I'm using Media Center Master (MCM) to add metadata and organization to the video library. Plex will do a decent job of pulling metadata based on the video image file name, but collecting this information with MCM helps a lot and removes all ambiguities. For ripping the image from the DVD, I use HandBrake, which requires libcssdvd-2.dll in order to process encrypted DVD images (virtually all DVD images are encrypted). For DVDs with more robust encryption you'll need something like AnyDVD. There's a 21 day trial, which is probably enough to digitize your content, but if you think you'll need it on an ongoing basis be prepared to spring $50 or so for a license. You will need AnyDVD (or equivalent), about 5% of the DVDs in my library, and all the Blu Rays, required it.

Ripping is a royal pain in the ass! Handbrake does a good job of selecting the most likely master video file on the DVD, but it can be occasionally wrong. Ripping episodes from a series is probably the most difficult, in some cases the episode number is very hard to replicate.

It's important that when you put the files on the media server you segregate TV episodes and Movies. This will help Plex a lot, and tools like MCM benefit as well (when scanning episodes for metadata). Keep it simple:

Media
 \__ TV Shows
\__ Movies
 \__Home Movies


Raspberry Pi 3
How the raspberry pi figures into this is that hosting all these files on a PC, that will be up 24/7 adds up, figure 100 watts of electricity and a big, noisy machine. An embedded solution will be much less expensive to run (~10 watts), run silently and take of virtually no space (a deck of cards). The challenge is finding an embedded solution with enough cpu power to serve the video, particularly if transcoding is required.

Transcoding is the process of modifying the video stream to fit characteristics of the client. This can be the result of a need to change the resolution or the encoding standard that differs from how the video was ripped and stored. Transcoding is a very cpu-intensive process, and the typical embedded computer is not up to the task.

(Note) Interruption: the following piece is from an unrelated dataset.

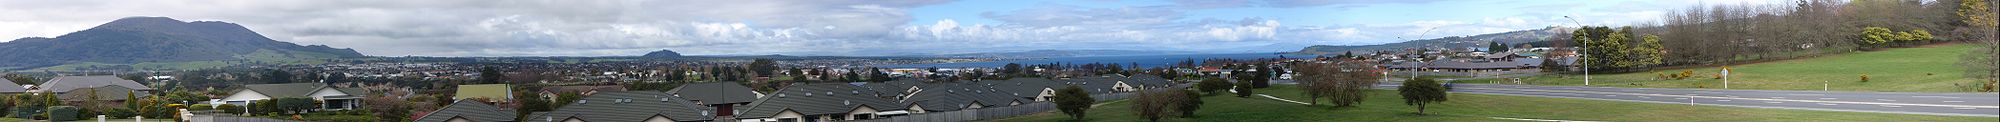 Panoramabild Taupo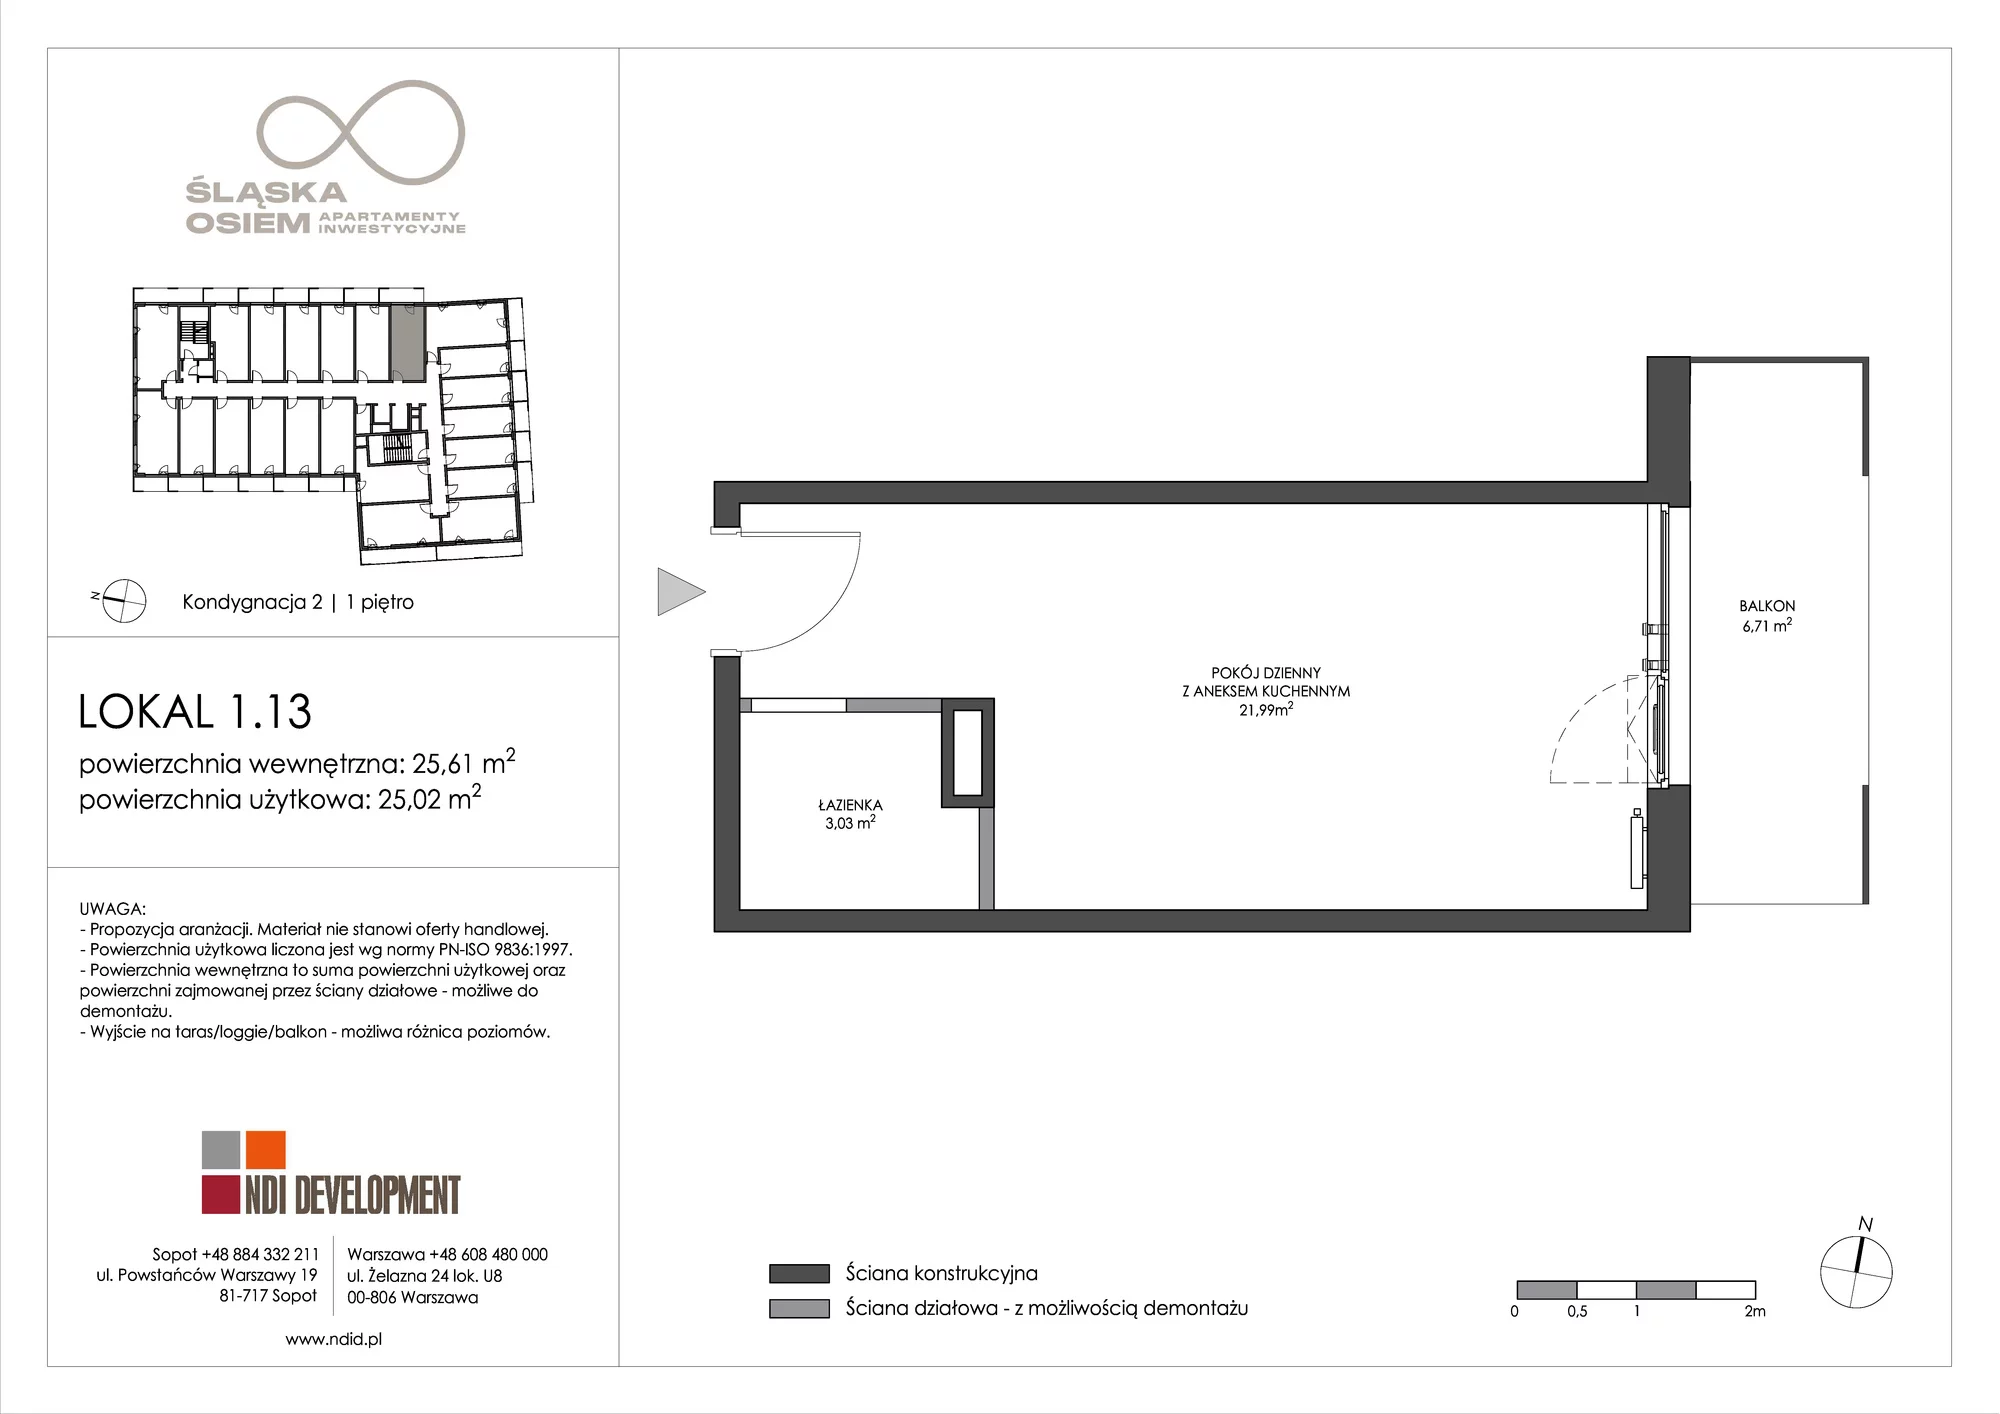 Apartament inwestycyjny 25,61 m², piętro 1, oferta nr 1.13, Śląska Osiem, Gdańsk, Przymorze, ul. Śląska 8

Fortunately the Raspberry Pi 3 represents a significant compute upgrade and can handle a transcoding a single video stream. At $35 it is also a very economical solution. In addition to the pi, you'll need a power supply (micro-usb, 2.0 amps at least) and a harddrive for the video files. The harddrive has to have a USB interface, the Raspberry Pi has 4, USB 2.0 ports, no way to connect SATA or IDE drives. Also, if the drive requires a lot of power (>1.2A), you may have to power it externally. In most situations, a 1TB, 2.5" drive with a USB-to-SATA conversion cable should do the trick.